The idea would be this:
Once a week (Wednesdays because they are "short" days at school), the bus takes her to Scribbles and Giggles. That would give me 3 extra hours to get things done around here. Then I go there to pick her up. All the employees are nurses, and the building (I am told) is connected to a hospital. You have to medically qualify -- so not just any kid can go there. All the kids have special needs and require a certain level of attention.

Pros:
* I'd have an extra few hours on Wednesdays
* Sammy may learn to be a little more independent entering a new atmosphere
* It gives her other social opportunities outside of school and church
* Insurance pays for it
* I'd have an extra few hours on Wednesdays -- wait, did I mention that already?

Cons:
* Essentially she'd be attending day care, and I'm not sure how I feel about that
* I wouldn't be with Samantha during those few extra hours that I'd have on those Wednesdays, and I wonder if it's worth it
* I might miss her

So, what do I do?
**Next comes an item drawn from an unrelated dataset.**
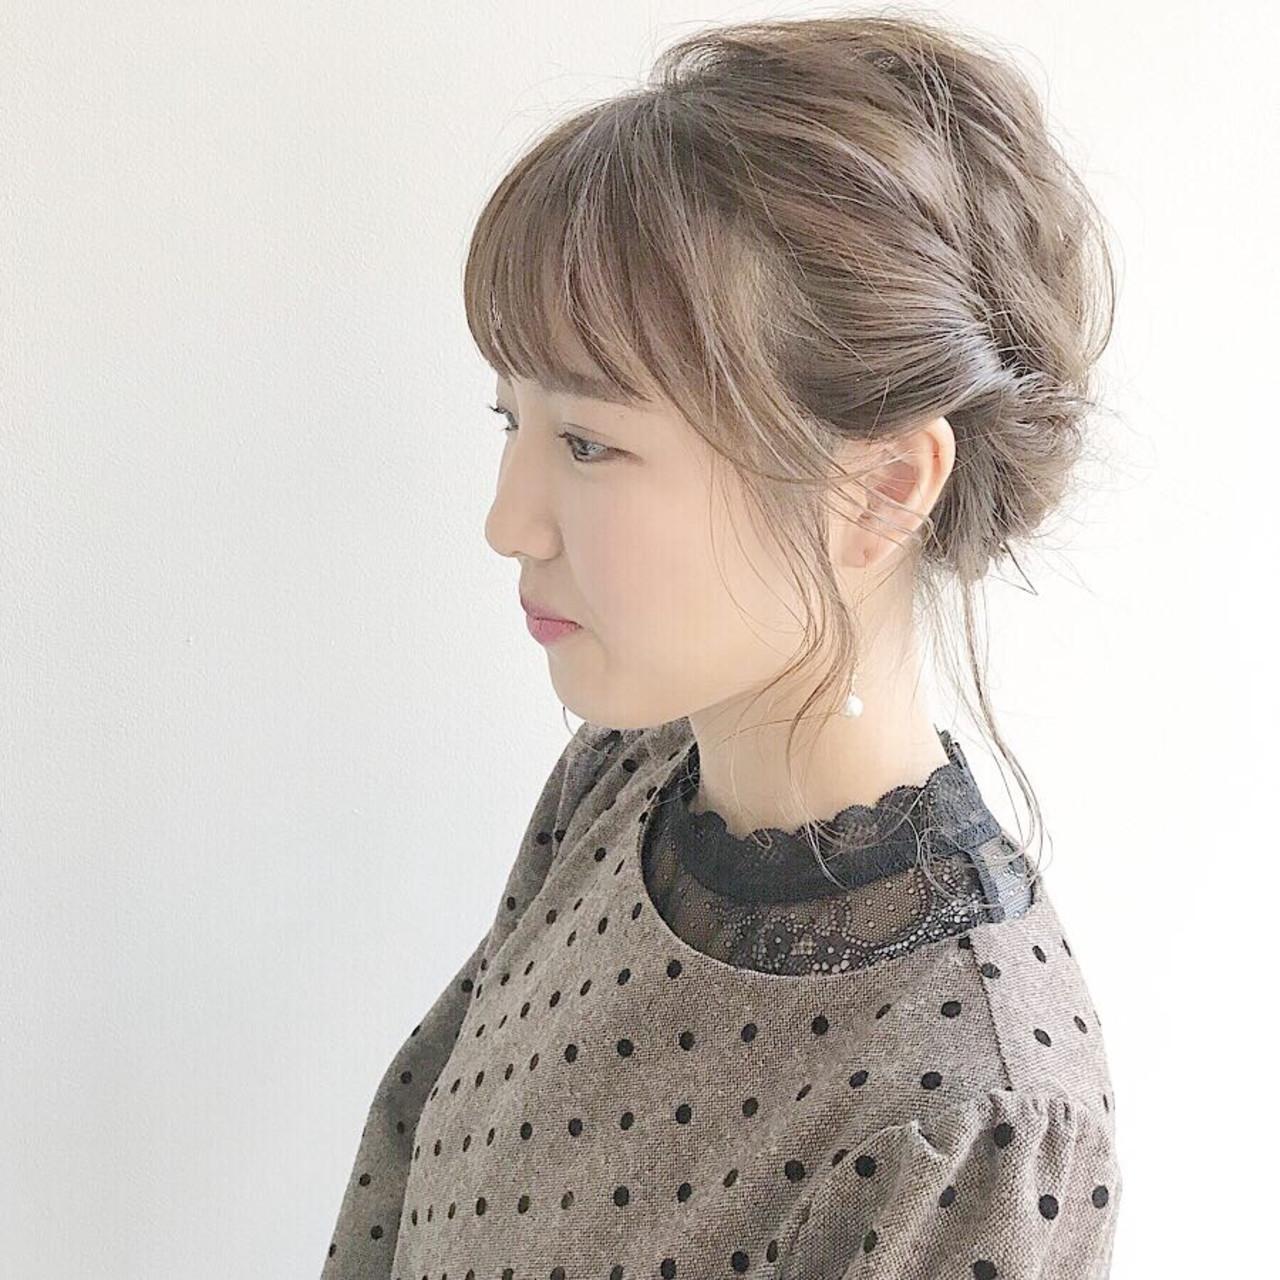 成人式 サロンモデル ヘアアレンジ ガーリー 江原 栞莉 442778 Hair
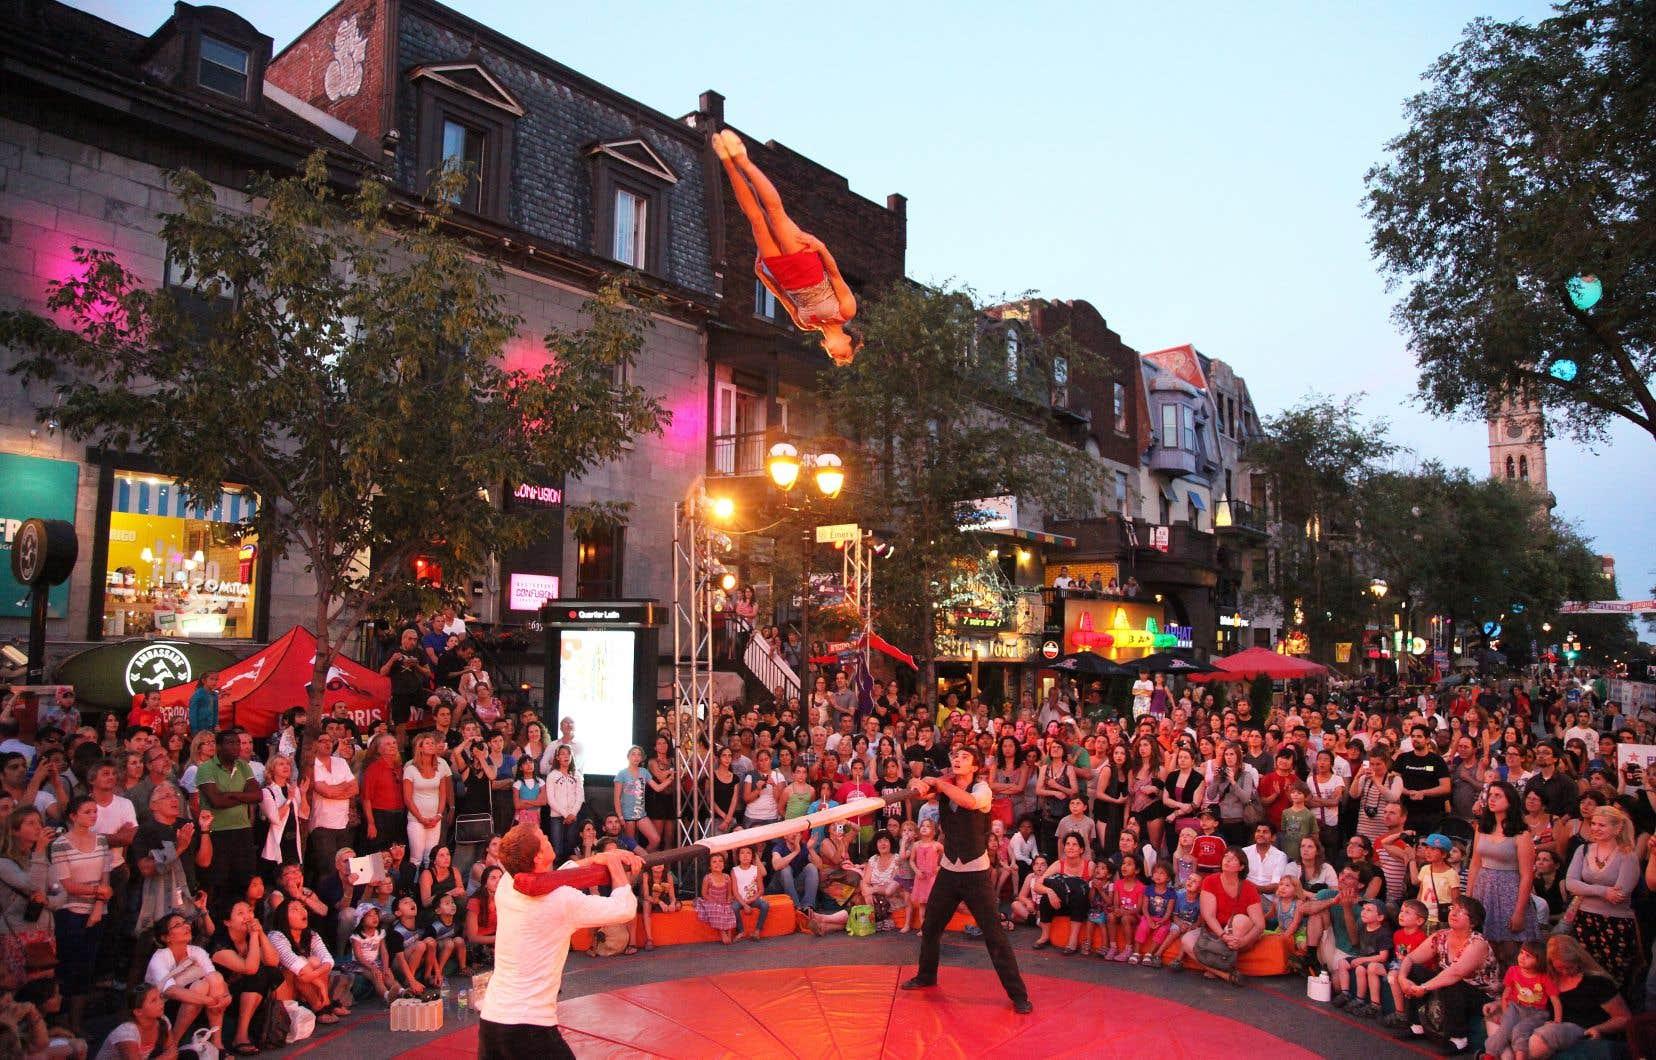 L'équipe du festival a envisagé tous les scénarios possibles pour la tenue du festival, mais que le nombre de répétitions requises pour mener à bien les spectacles était trop grand.

I'm scheduling a fancy schmancy tour so I can see their program. I think it's more than just sitting around and playing. When the kind lady on the phone suggested I take a tour to see their facility and program, it sounded like there was more to it than just a day care -- and I know they do therapy and activities there. hmmm hmmmm indeed. I told the kind lady on the phone that I wasn't sure I was going to do it...putting Sammy on the bus was hard enough. She laughed and said she understood. I don't think she really did understand, but I'll give her the benefit of the doubt. The questions that are swirling around in my mind are -- am I a bad mom for thinking of doing this? What makes me believe that I need to do this? Would it actually make a difference (because maybe it would be more of a pain 'cause I have to drive there and pick her up anyway)? Does this make me a bad mom? Does this make me a bad mom? Does this make me a bad mom? Because I really really don't want to be a bad mom. If it were someone else asking me this, I'd say, "Girl, do it. This doesn't make you a bad mom." But if I'm feeling slightly guilty, than maybe I'm being selfish or something. But then I think...I felt guilty for putting Sammy on the BUS. What's a mom to do?! Heavens to Betsy!